• [Dataset content]:
══════════════════════════════

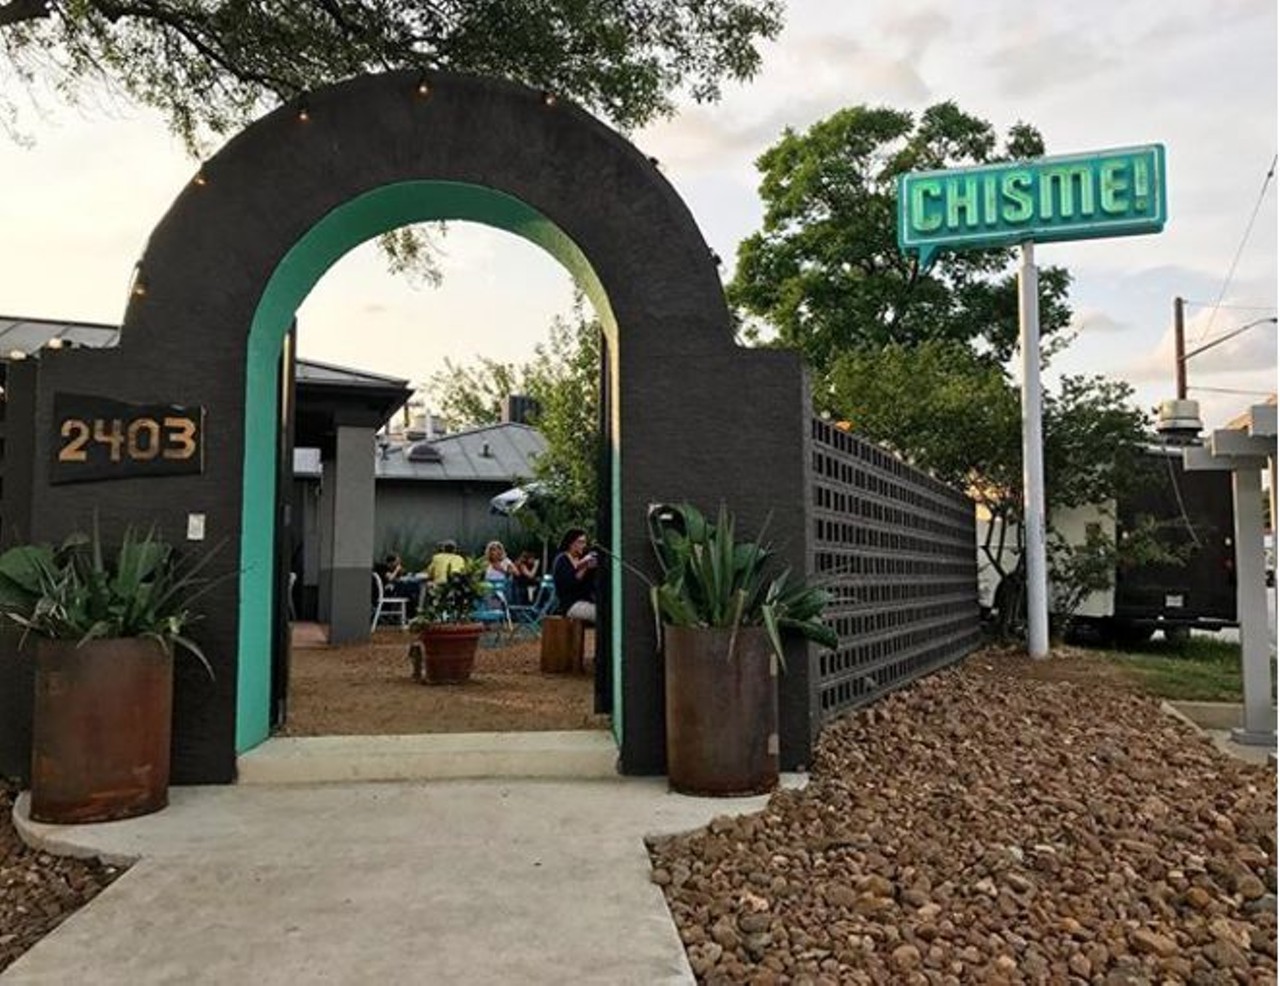 Chisme
2403 N. St. Mary's, (210) 530-4236
Great drinks, delicious food, chill vibes. What more could you ask for? Chisme and it&#146;s beautiful outsides pace is open from 4 to 11. 
Photo via Instagram,  shimmyshake_

══════════════════════════════

• [Required action]:
Write out each line again, exactly as it appears above, except for any picture.

• [Answer]:
 Chisme
2403 N. St. Mary's, (210) 530-4236
Great drinks, delicious food, chill vibes. What more could you ask for? Chisme and it&#146;s beautiful outsides pace is open from 4 to 11. 
Photo via Instagram,  shimmyshake_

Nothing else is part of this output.